5.4 Price Discrimination

5.4.3 Geographic discrimination

Question 9A. Suppose you log into a hotel’s website to make a reservation for a hotel room. You are asked to indicate your location, Asia, Europe, Northern America, Southern America or Others. The hotel is quoting different prices to people from different regions. Since you are from Asia, your price is $95 (The price for people from Europe and Northern America is $105, and that for people from South America and Other regions is $95). Is this fair or unfair?

(N=99) Very fair 8.1% 19.2% 23.2% 21.2% 28.3% Very Unfair

Half of the respondents considered geographic price discrimination to be unfair even when they obtained a favorable price. This number is significantly higher than those who considered it fair (49.5% vs. 27.3%, Z = 2.87, p = .004 for a two-tailed test).

Question 9B. [Same as above] Since you are from Asia, your price is $105 (The price for people from Europe and Northern America is $95, and that for people from South America and Other regions is $105). Is this fair or unfair?

(N=75) Very fair 8.0% 14.7% 7.8% 22.7% 46.4% Very Unfair

Respondents considered charging different prices for customers who come from different geographic areas unfair (69.1% vs. 22.7%, Z = 4.37, p < .001 for a

two-tailed test). The perception of unfairness is significantly greater when the

respondents have to pay a higher price (69.1% for the current question, 49.5% for the preceding question, Z = 2.67, p = .004 for a one-tailed test).

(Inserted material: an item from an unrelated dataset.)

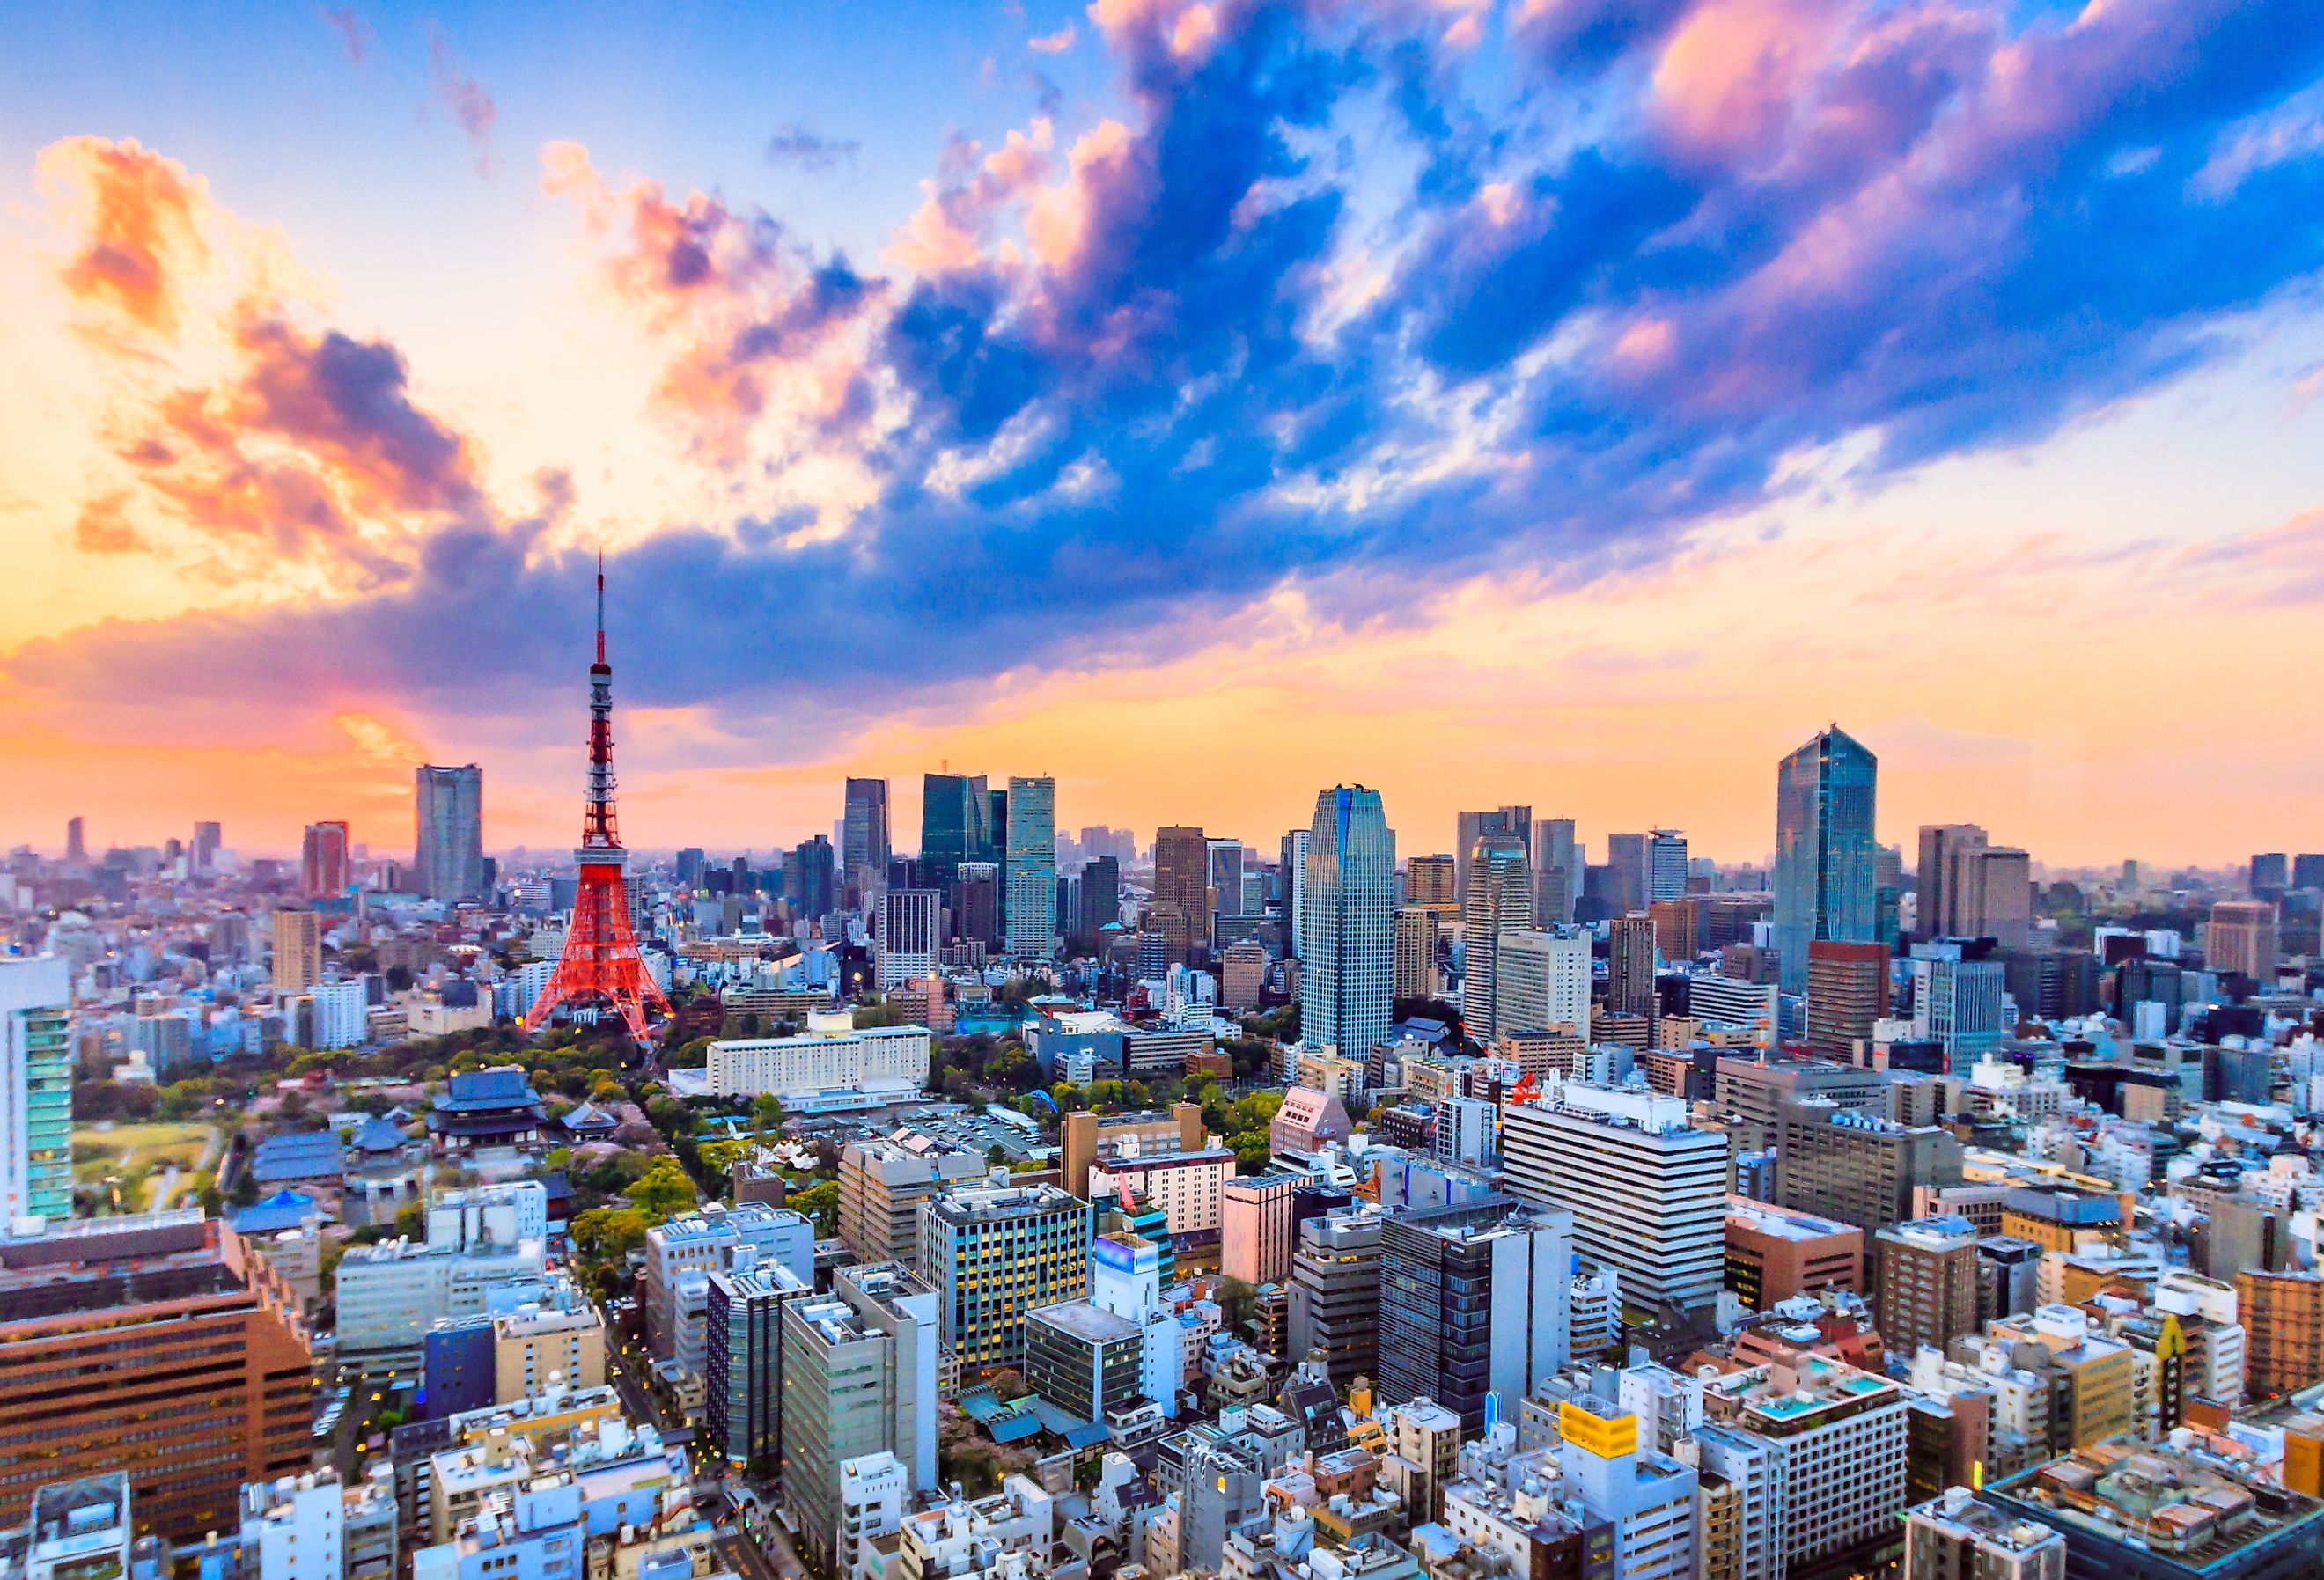 Cityscapes view sunset of Tokyo city Japan. Image credit apiguide via Shutterstock

5.4.4 Discounting to new or loyal customers

Questions 10A. Suppose you log into a hotel’s website to make a reservation for a hotel room. You find out that the hotel quotes prices according to customers’

purchasing history. Hence, for example, the price for a loyal customer is $105;

while, for promotional purposes, the price for a new customer is $95. How fair do you think the hotel’s pricing is?

(N=101) Very fair 3.0% 6.9% 5.9% 28.7% 55.4% Very Unfair

Respondents perceived the situation to be the most unfair of all. A total of 84.1%

of respondents consider this method to be unfair, while only 9.9% consider it to be fair (Z = 7.93, p < .001 for a two tailed test). Consumers are likely to leave such a firm to avoid being punished for their loyalty. Charging loyal customers higher prices is the essence of first-degree price discrimination. However, implementing such a scheme has very negative effects, as the Amazon.com incident indicates.

Question 10B. Suppose you log into a hotel’s website to make a reservation for a hotel room. The hotel indicates that it sets prices according to customers’

purchasing history. For example, the price for a loyal customer is $95; while the price for a new customer is $105. How fair do you think the hotel’s pricing is?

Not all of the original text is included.